Records for this task:

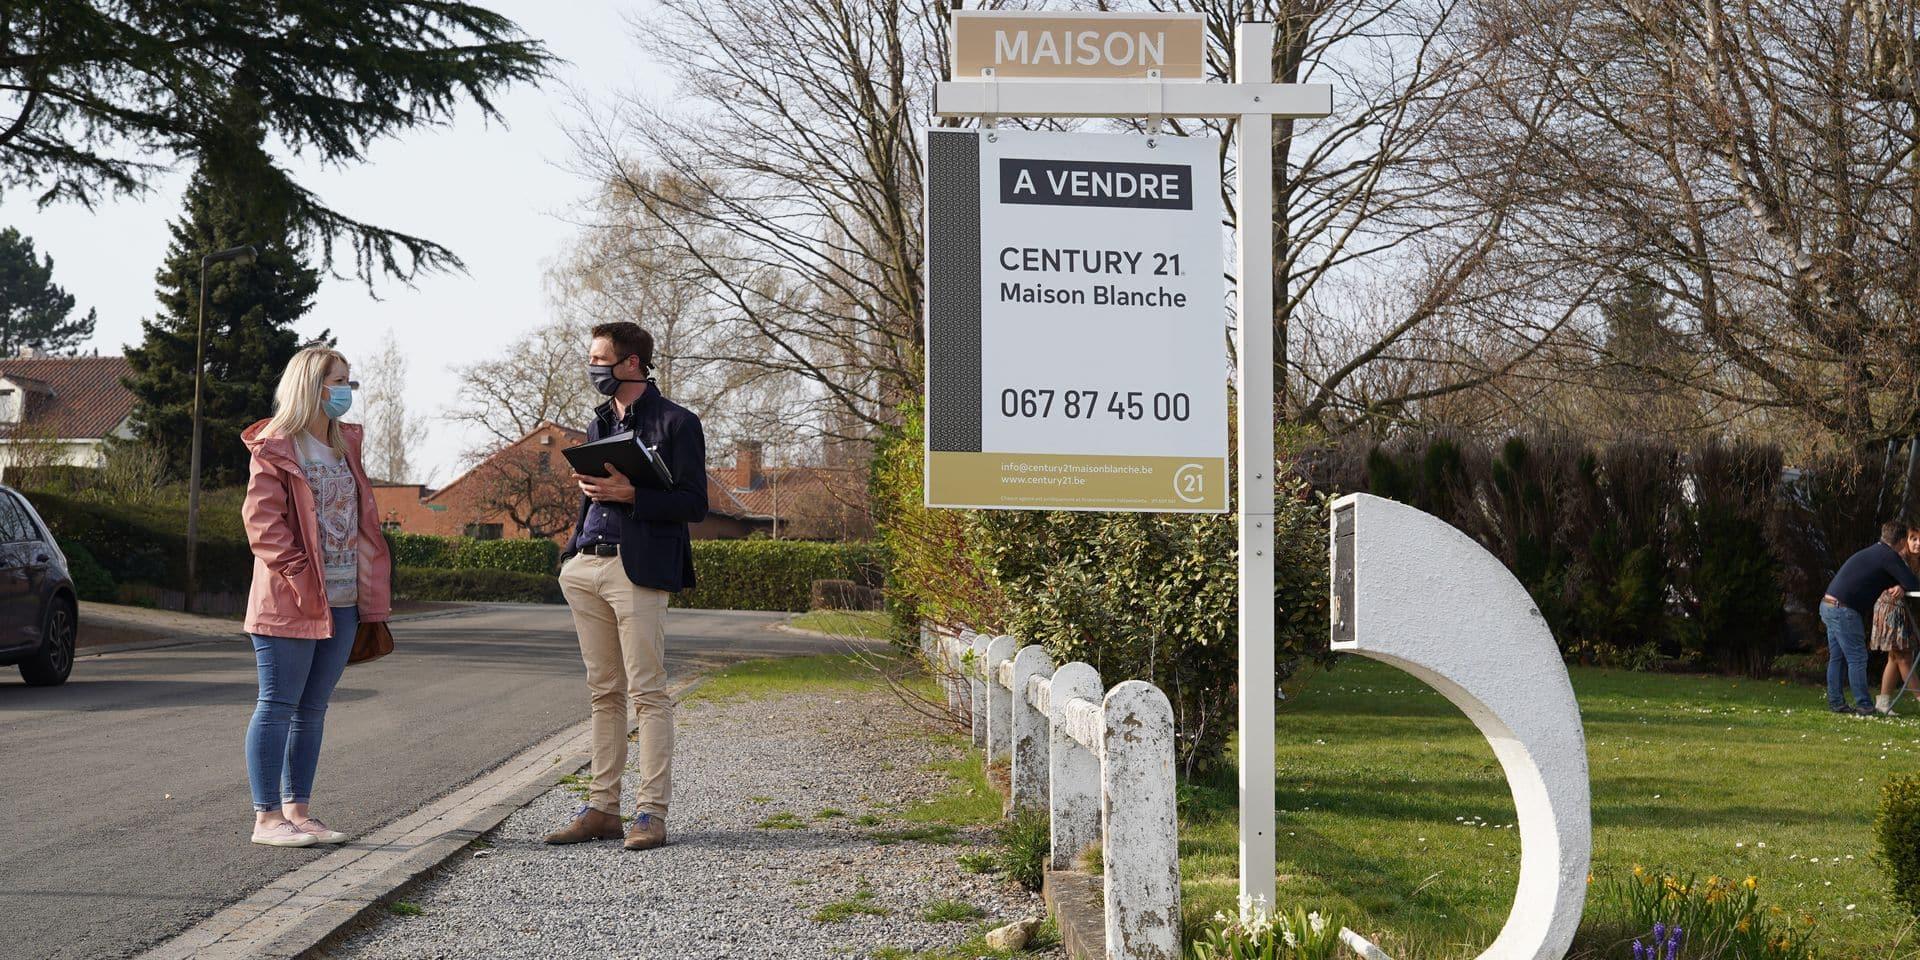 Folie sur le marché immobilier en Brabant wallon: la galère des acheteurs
...
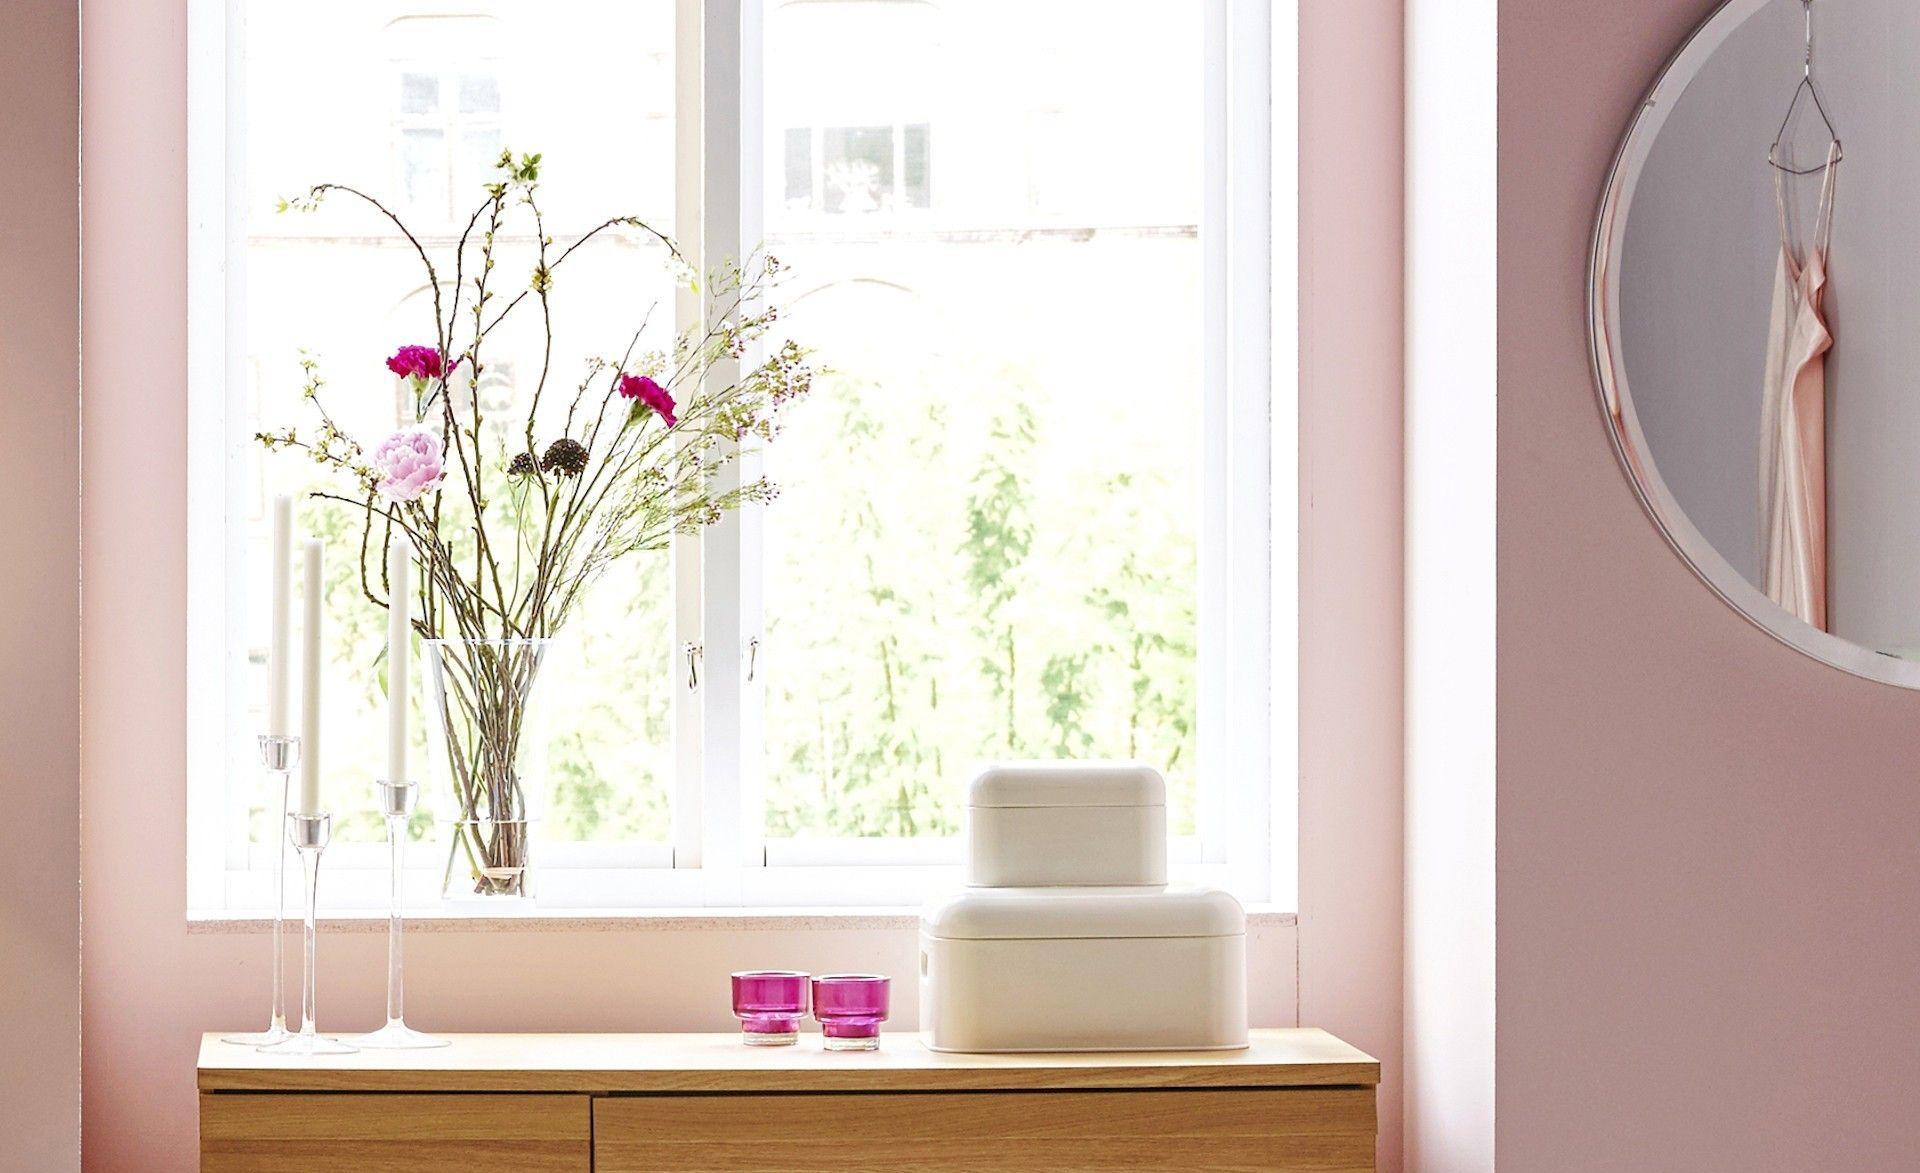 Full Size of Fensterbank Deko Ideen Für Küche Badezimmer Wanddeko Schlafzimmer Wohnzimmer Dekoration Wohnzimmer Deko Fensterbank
==
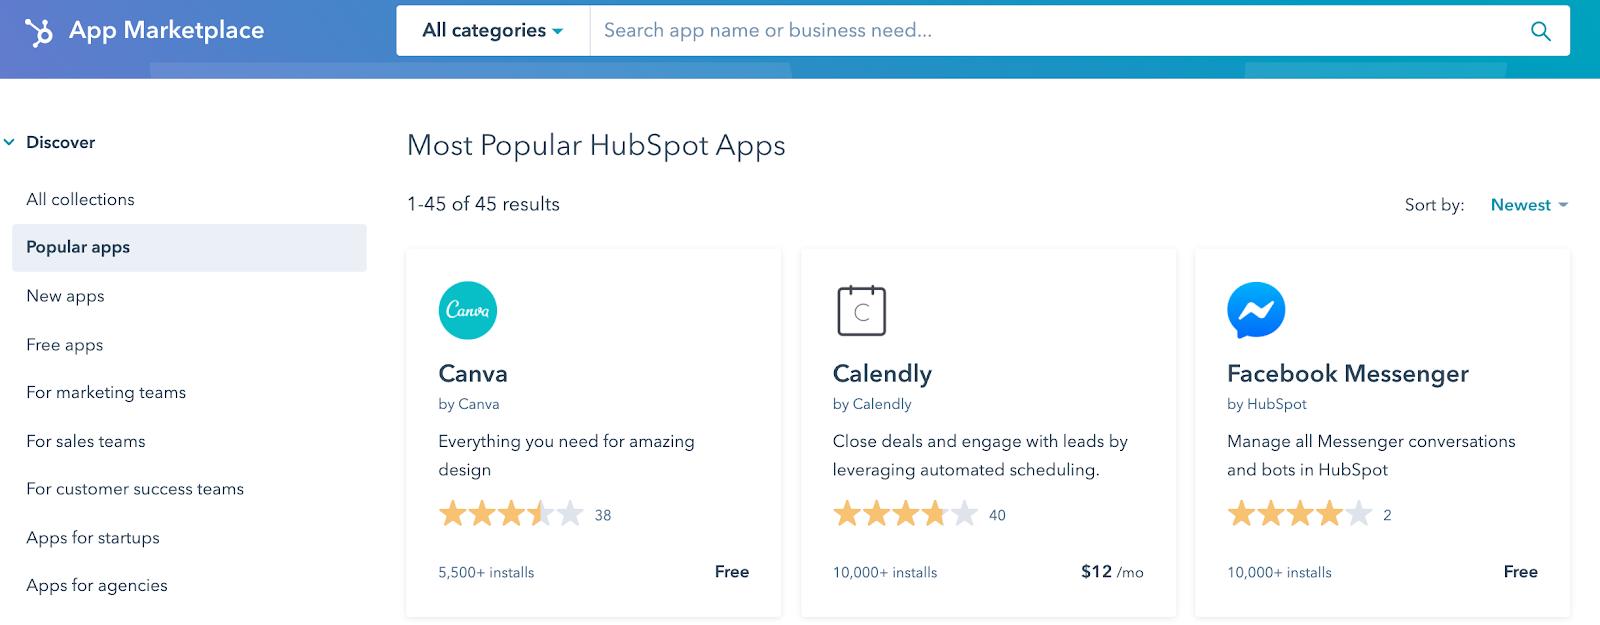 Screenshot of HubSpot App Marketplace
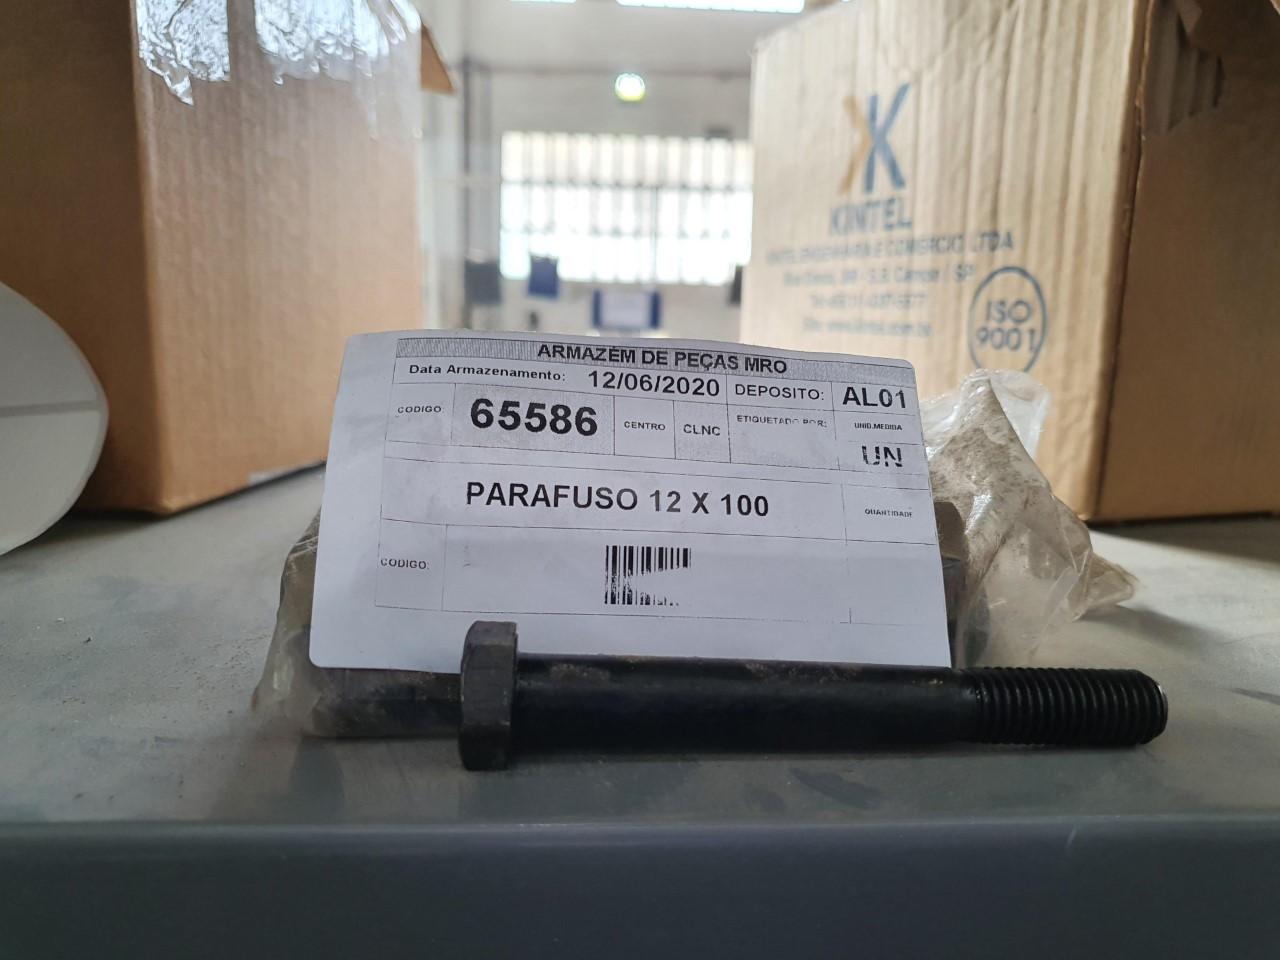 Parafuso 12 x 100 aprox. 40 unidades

Directions for this task:
What belongs in the answer is each line above from the line with "Screenshot of HubSpot App Marketplace" to the line with "Parafuso 12 x 100 aprox. 40 unidades", inclusive, reproduced exactly and free of pictures.

Answer section:
 Screenshot of HubSpot App Marketplace
 Parafuso 12 x 100 aprox. 40 unidades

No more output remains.